Posted inTime In 2019

Dreams of Molly

Jonathan Baumbac offerging about a struggling author

Jonathan Baumbac

3/5
Dzanc Books

Here’s a quick rundown of what happens in the first 25 pages of Baumbach’s new novel. A writer with comical writer’s block (he’s crafting a first sentence that carries across several pages) gets distracted from his work at an Italian artists’ colony by the arrival of someone who might be his ex-wife. But when he goes out looking for her, he ends up canoodling with an avant-garde painter, and the pair get kicked out of the colony. They wander Italian towns performing a fraudulent strongman act to make cash and finally make it on a flight to the US, which ends up redirecting to Newfoundland. There, they’re held captive for a week behind a McDonald’s before they’re shipped back to Italy, which then ships them back to the US, where they’re tailed by TSA agents.

No one could ever accuse Jonathan Baumbach of being boring. The founder of the seminal experimental imprint Fiction Collective and father of filmmaker Noah Baumbach (in the latter’s semi-autobiographical The Squid and the Whale, Baumbach is portrayed by Jeff Daniels), Baumbach has carved out a long literary career full of this sort of highbrow high jinks.

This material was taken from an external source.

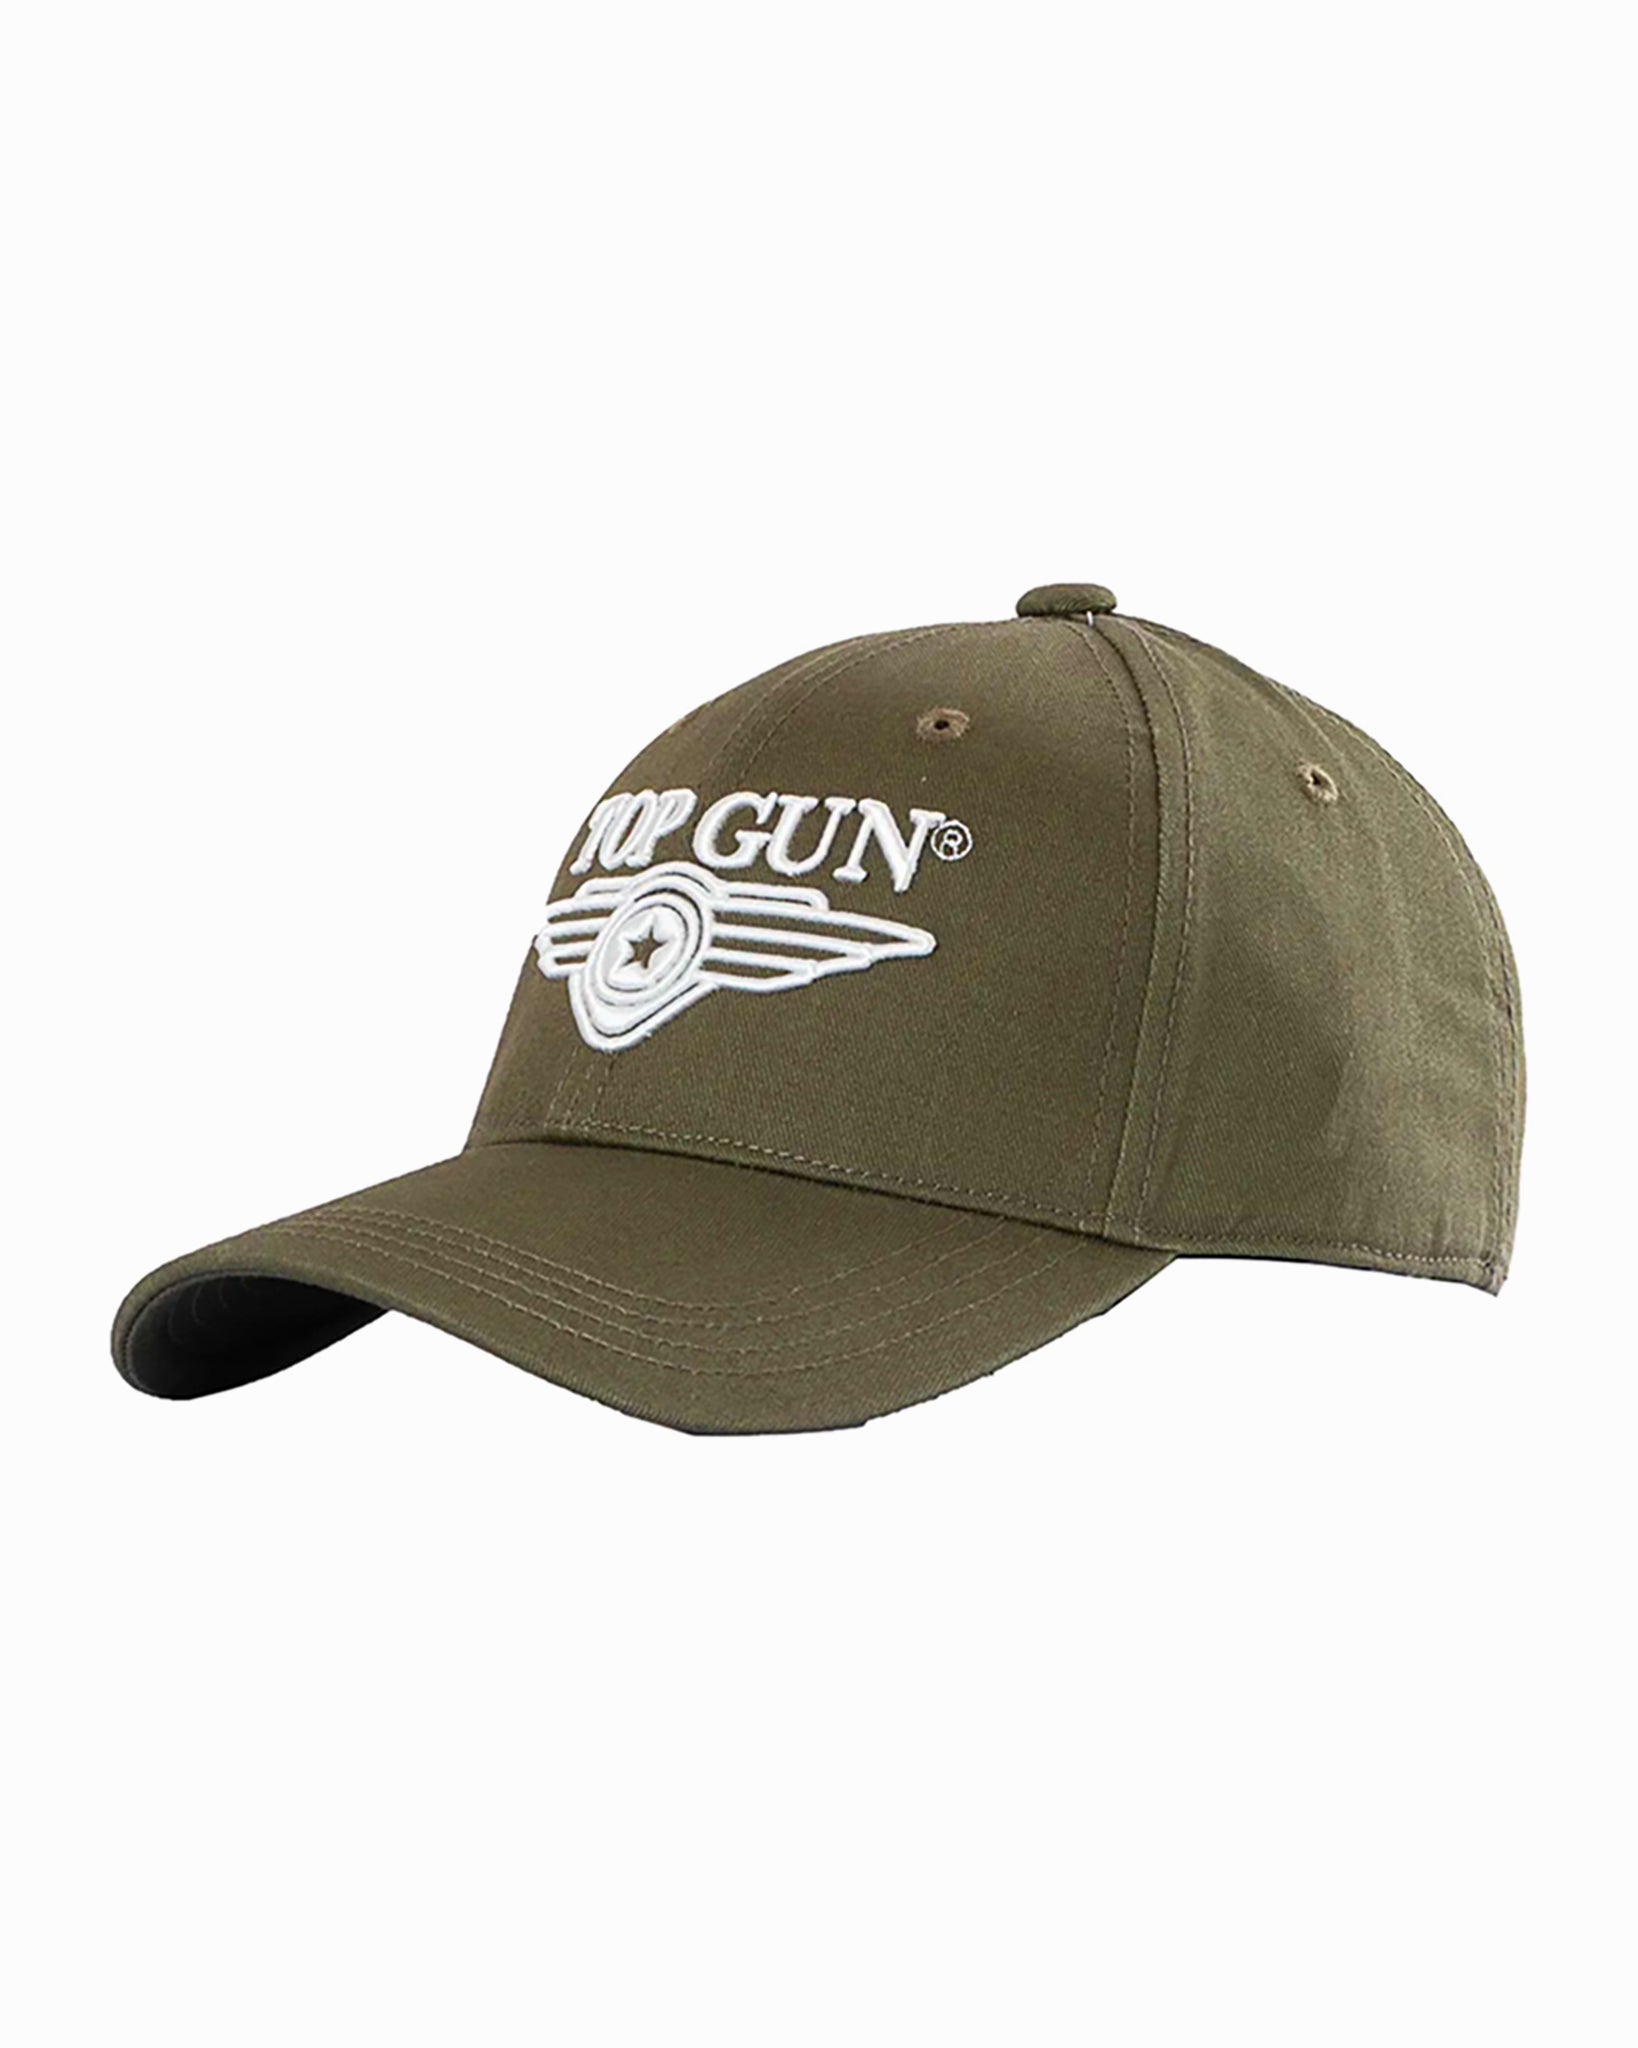 TOP GUN® 3D Gun Store Top WINGS LOGO – CAP

And truth be told, it’s not clear whether all of the above events can be said to have ‘happened.’ They’re broken up into chapters of consecutive nights, and, given their batty logic, it’s clear they’re meant to be recaps of dreams. But there’s also a story lurking in the margins, one in which the writer’s wife may have been kidnapped, and the writer may or may not be on her trail. It’s a fun send-up of both experimental and genre fiction, more of a clashing than a melding of the two, which provides the sparks.